• **Task goal**
Images are not part of the copy; transcribe all the data exactly.

[Dataset records]
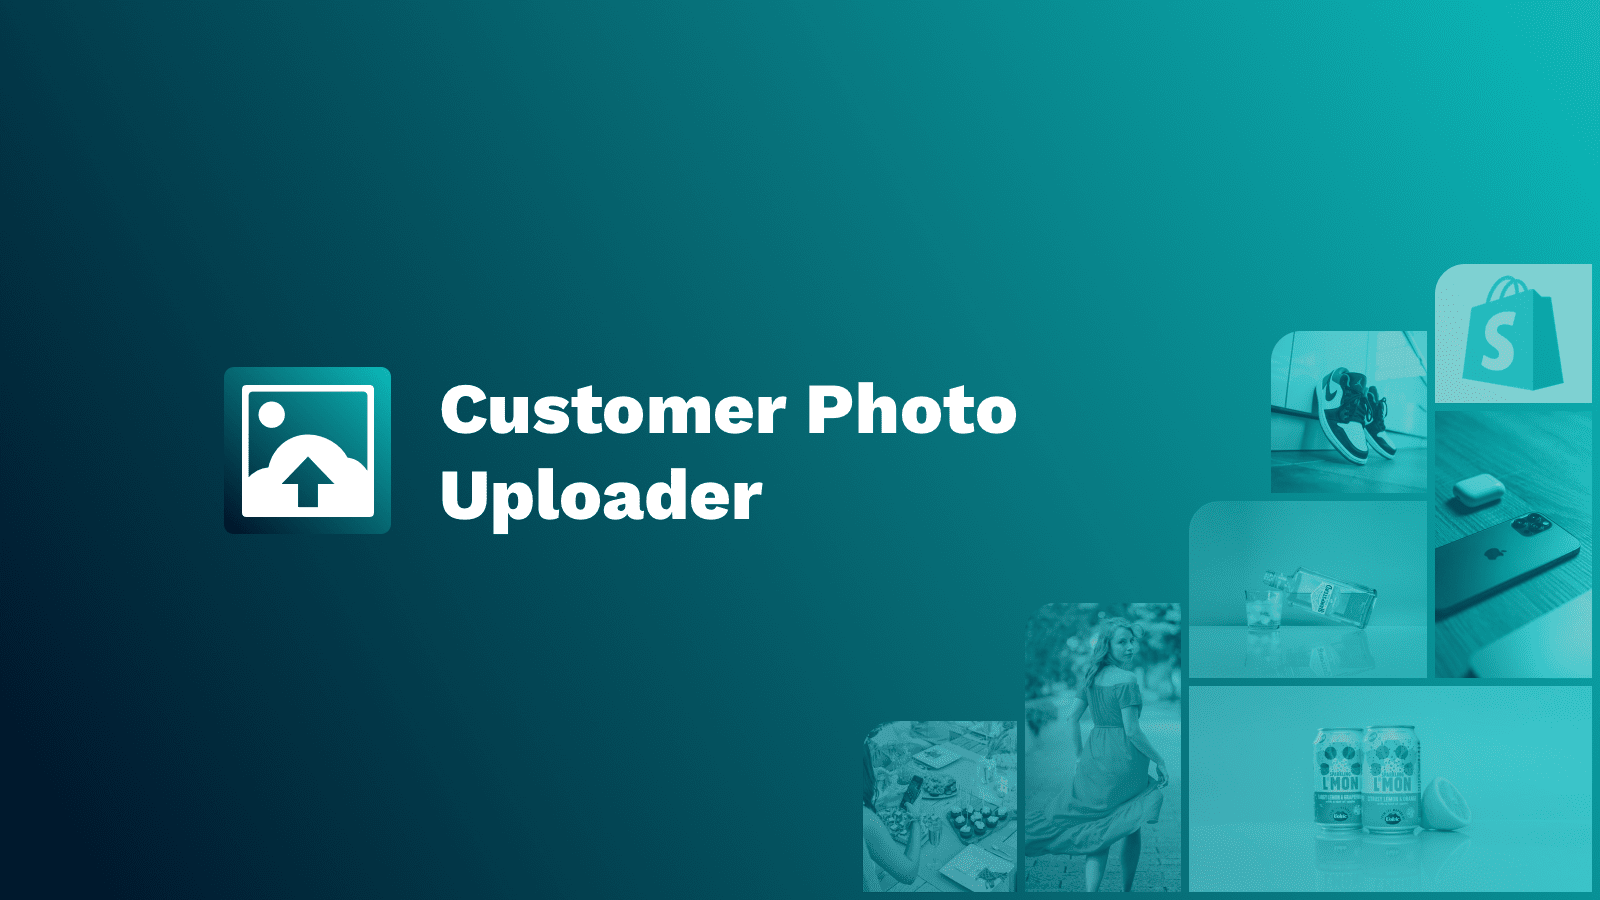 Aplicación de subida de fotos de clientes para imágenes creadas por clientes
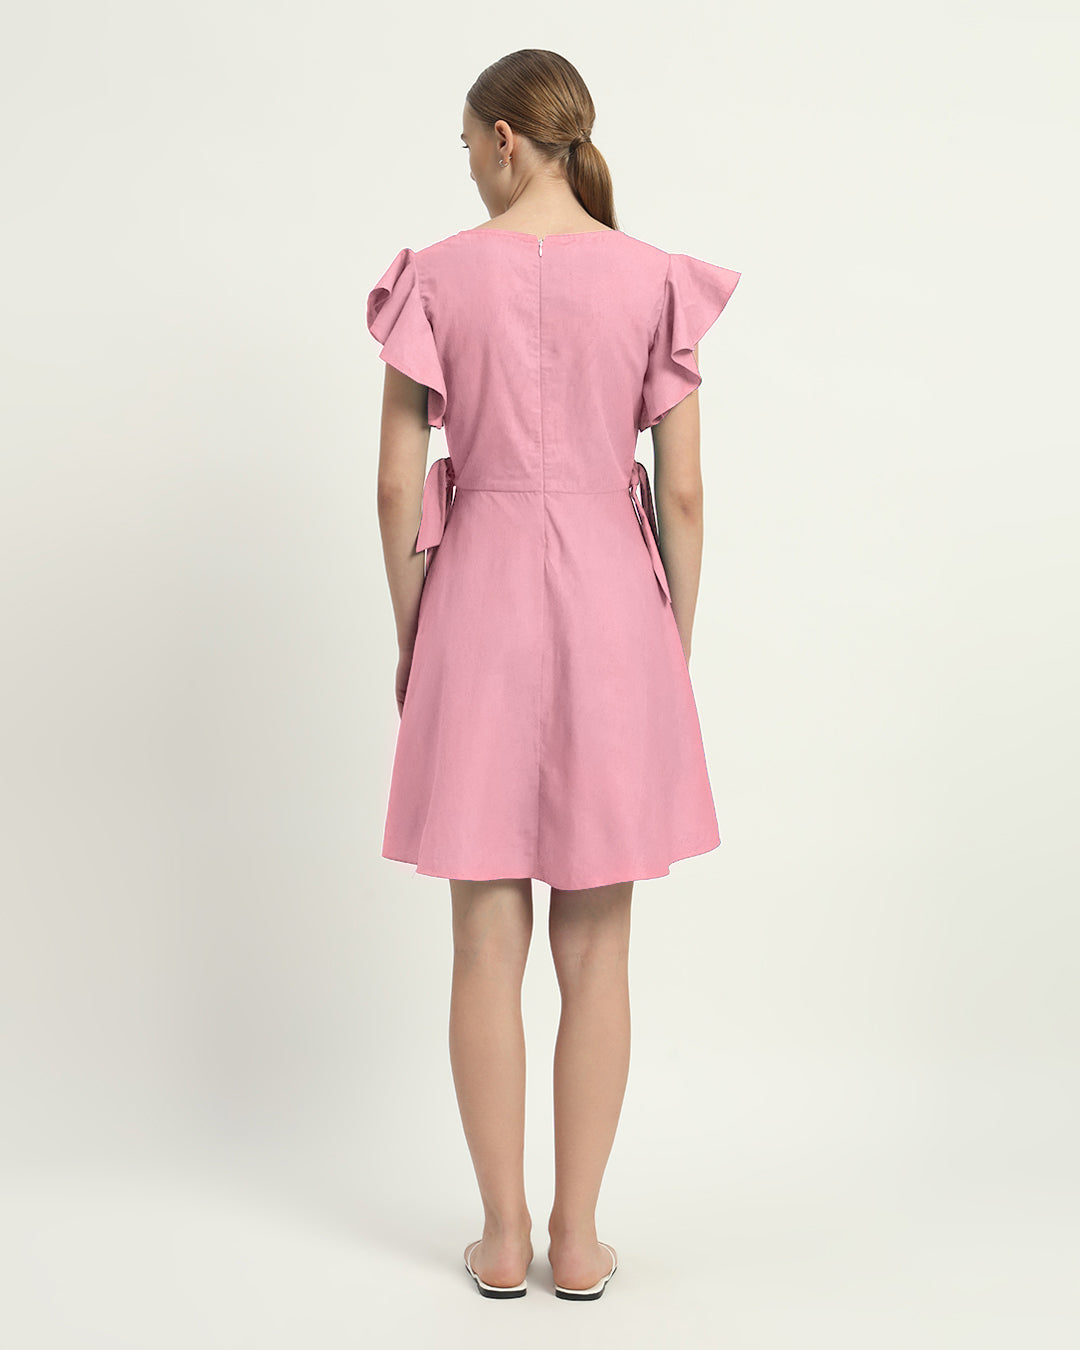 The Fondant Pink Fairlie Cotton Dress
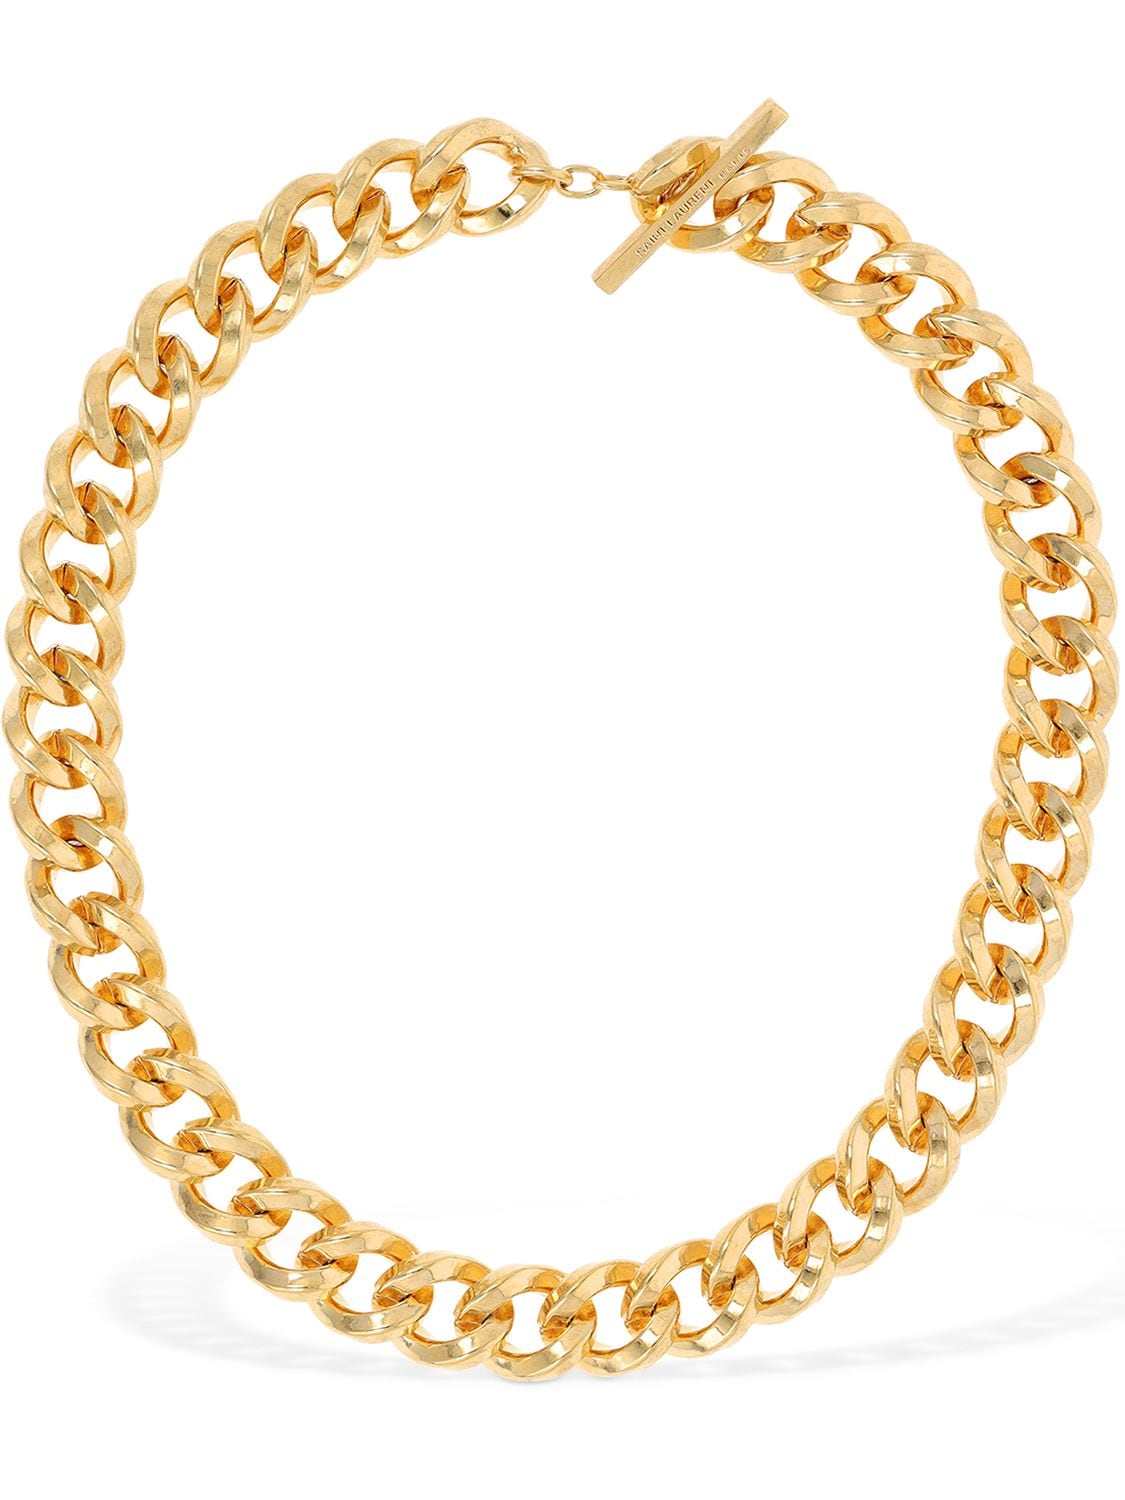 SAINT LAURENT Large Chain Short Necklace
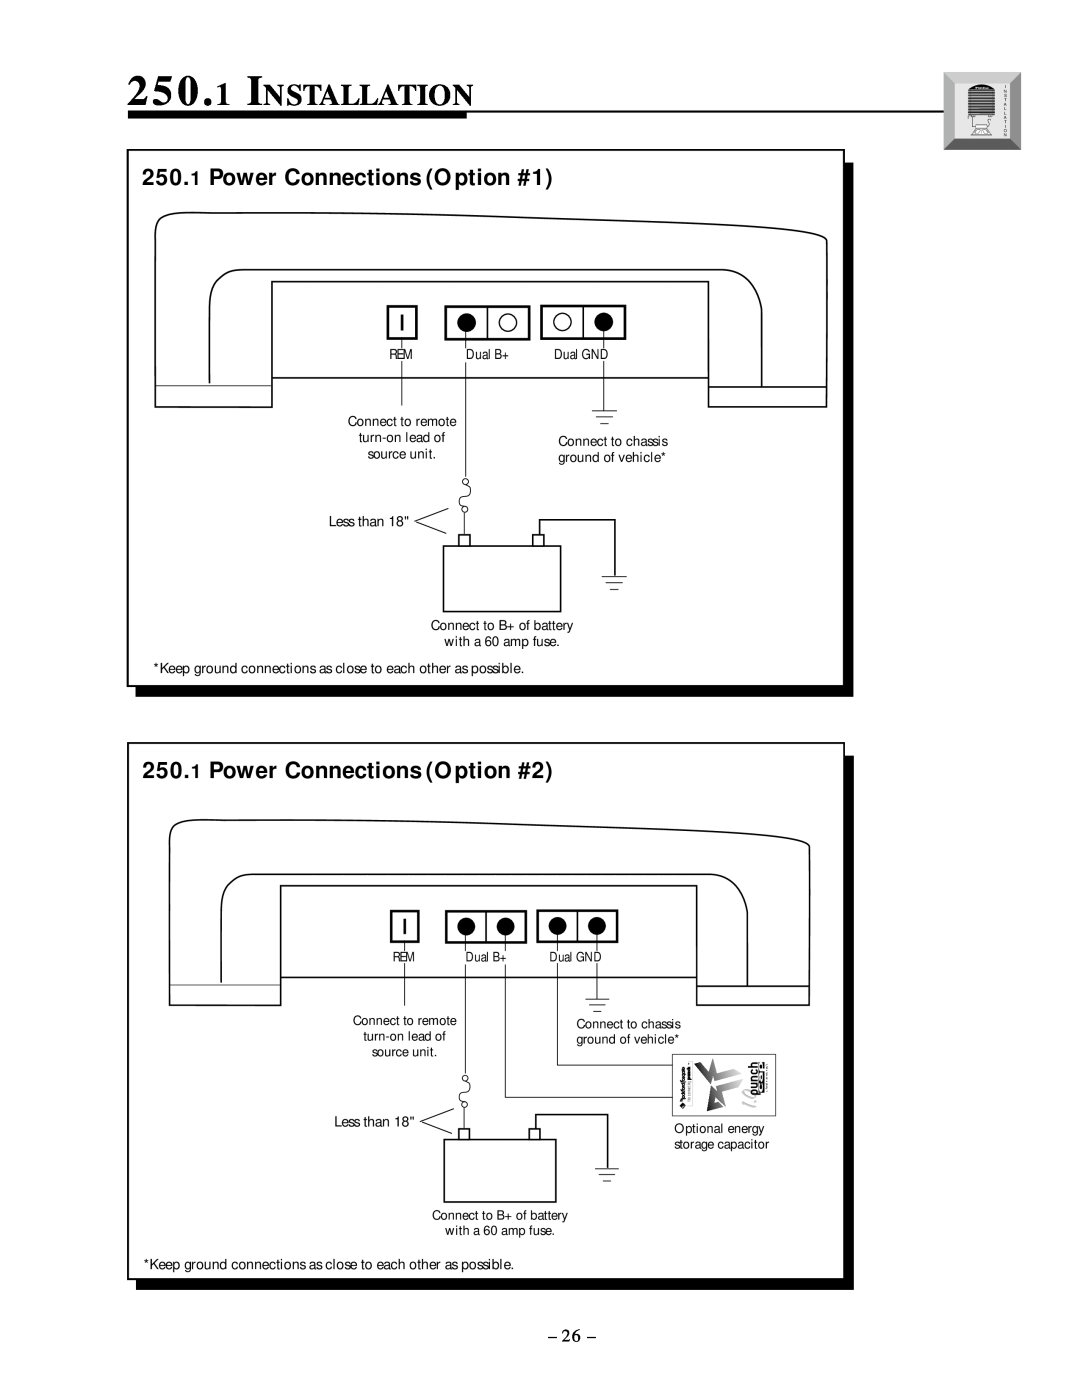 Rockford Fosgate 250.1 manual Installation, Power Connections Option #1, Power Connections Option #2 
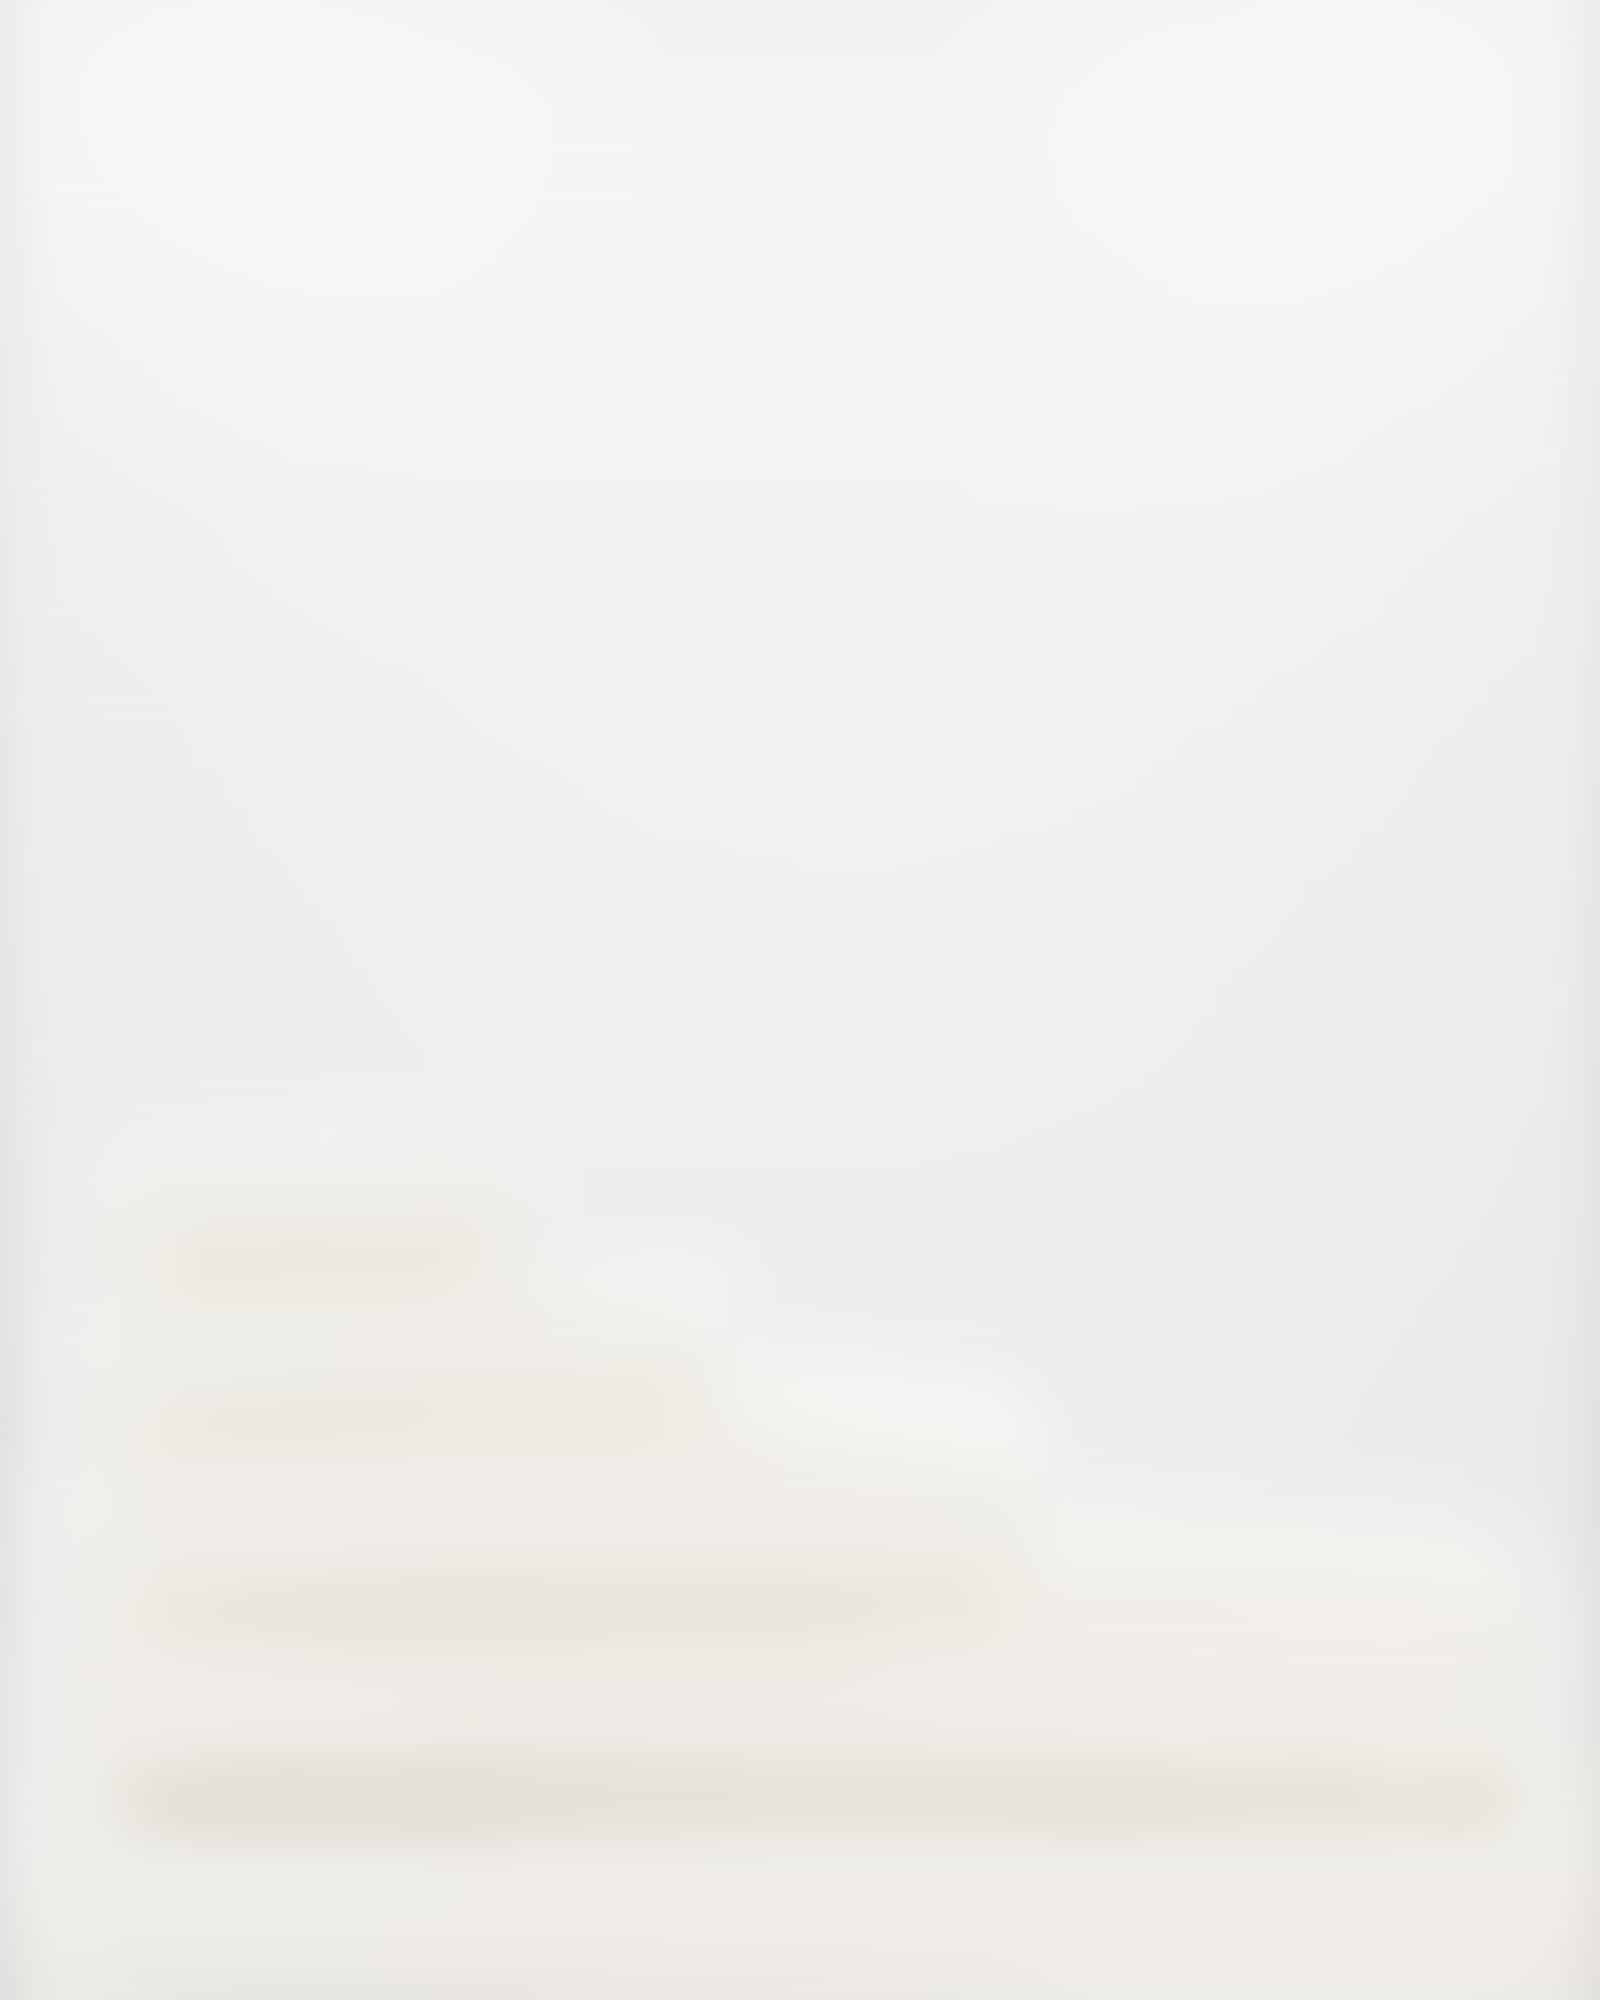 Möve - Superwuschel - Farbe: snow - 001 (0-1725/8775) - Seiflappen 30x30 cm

• **Written solution**
 Aplicación de subida de fotos de clientes para imágenes creadas por clientes
 The Fondant Pink Fairlie Cotton Dress
 SAINT LAURENT Large Chain Short Necklace
 Rockford Fosgate 250.1 manual Installation, Power Connections Option #1, Power Connections Option #2 
 Möve - Superwuschel - Farbe: snow - 001 (0-1725/8775) - Seiflappen 30x30 cm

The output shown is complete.